The Taliban, which distanced itself from Saturday’s attack, have seen defections in recent months with some insurgents apparently adopting the I.S. flag to rebrand themselves as a more lethal force as NATO troops depart.
“We’ve known that I.S. has been in Afghanistan for some time. [Saturday’s] attack… may just reflect I.S.’s desire to appear active while it is under pressure in Iraq and Syria, but if we see follow-on attacks, a pattern may emerge,” said J.M. Berger, analyst and co-author of ISIS: The State of Terror. “However, I think caution is in order until we get a statement from one of I.S.’s official media foundations,” Berger told AFP.
In February a U.S.-led NATO drone strike killed Mullah Abdul Rauf Khadim, a former Taliban commander and a Guantanamo detainee who led around 300 men suspected of links to I.S. in the volatile southern province of Helmand. And in March Hafiz Waheed, a successor to Khadim, was killed along with nine others in the Sangin district of Helmand, according to the Afghan defense ministry.
It is not known whether the men had the official sanction of I.S., which announced its presence in South Asia a year ago but has struggled to expand its footprint as it did in the Middle East.
“Afghanistan is both geographically—and ideologically—far away from the Islamic State,” said Graeme Smith, a senior analyst with the International Crisis Group in Afghanistan.
Islamic State espouses a brand of Salafism at odds with the Hanafi school of Sunni Islam in Afghanistan, Smith pointed out. “It’s not clear how high Afghanistan figures in the Islamic State’s priority list,” he said.

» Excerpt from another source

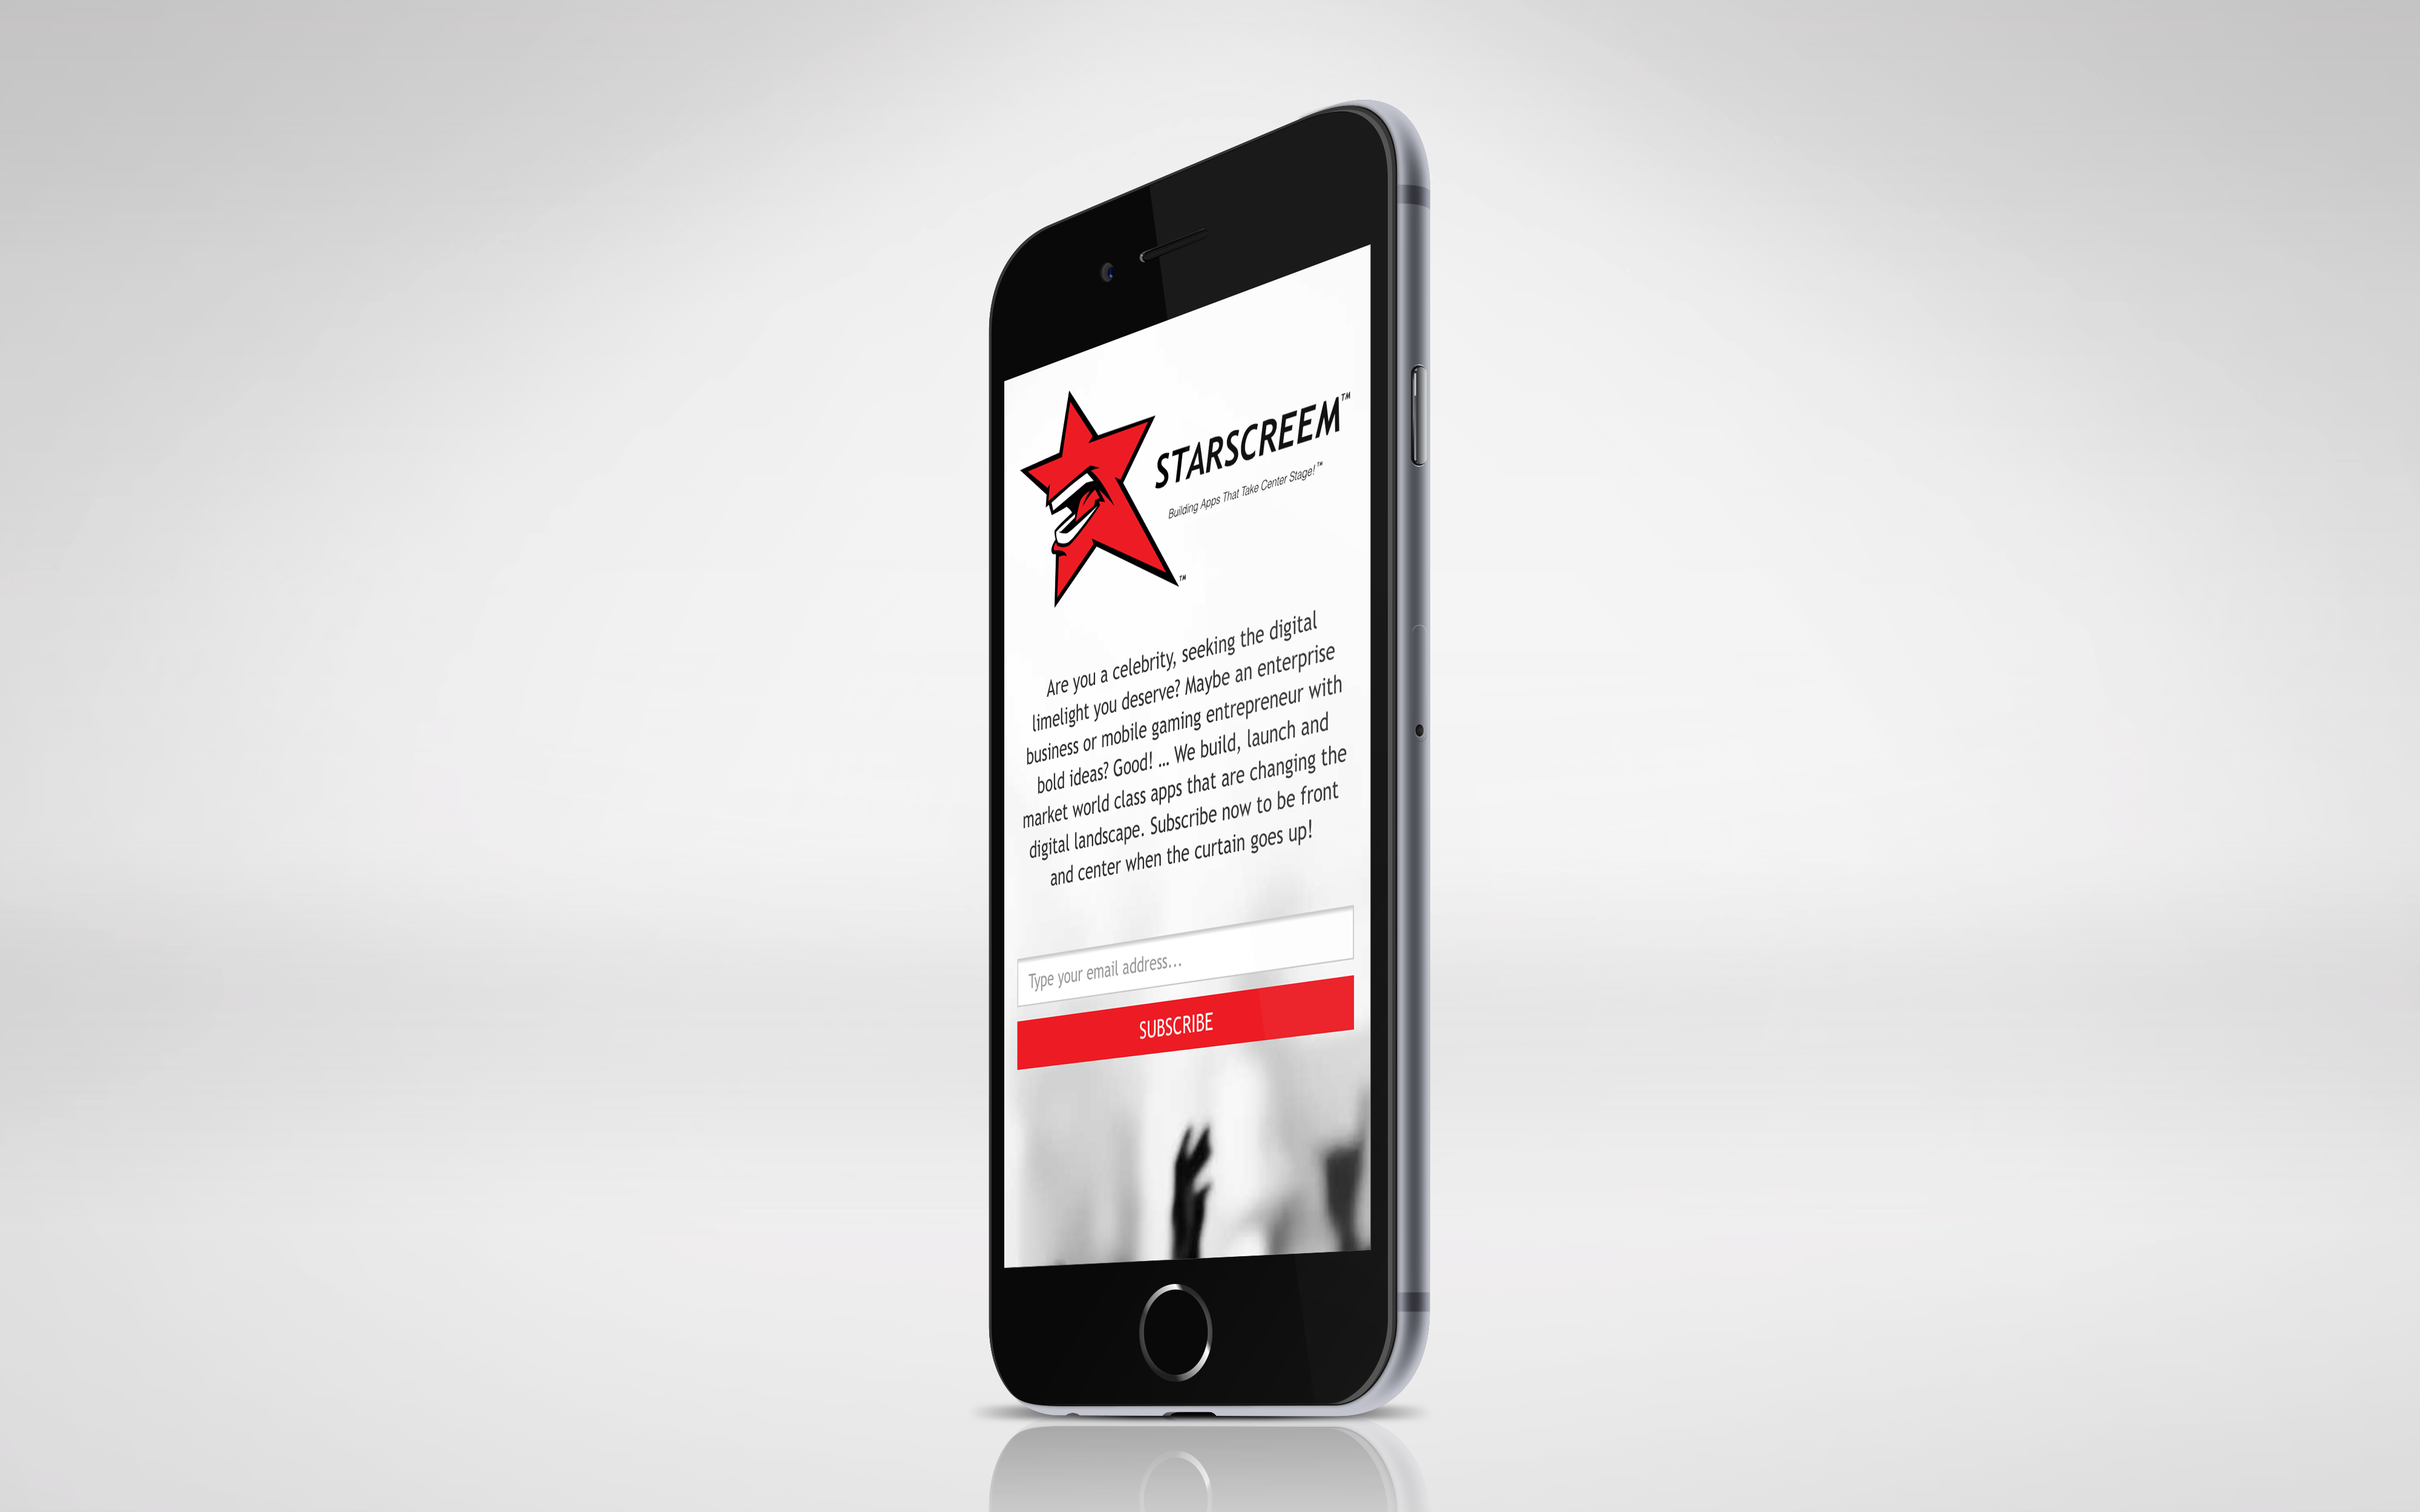 Starscreem_Website_Phone

Ghani has repeatedly raised the ominous prospect of I.S. making inroads into Afghanistan, without offering evidence. Some local observers accuse him of grabbing world attention by playing up the I.S. threat in the face of dwindling foreign aid and as international troops depart.
Barely 12,000 NATO troops remain in Afghanistan, from a peak of 130,000, to train and support local security forces. “I.S. in Afghanistan is more psychological warfare, more myth than reality,” said former Afghan intelligence chief Amrullah Saleh. “Has Abu Bakr al-Baghdadi claimed the Jalalabad bombing? No. Apart from the statement [from insurgents] does Afghanistan have anything to back up that I.S. was behind it?”
But whatever the color of the flag, the brands of terrorism remain the same, said Saleh.
Saturday’s attack bore chilling similarities to a Taliban suicide attack on Kabul Bank in Jalalabad in 2011, which killed nearly two dozen people as police officials were collecting their paychecks. “So we have mass murder exhibit A and mass murder exhibit B. It shows the same dirty and lethal tactics by insurgents operating with different brand names and flags,” Saleh said.
An upsurge in attacks has taken a heavy toll on ordinary Afghans, bracing for the Taliban’s annual spring offensive, which security analysts expect to be the bloodiest in a decade.
Already in the first three months of 2015 civilian casualties as a result of ground fighting were eight percent higher than during the same period last year, a recent U.N. report said.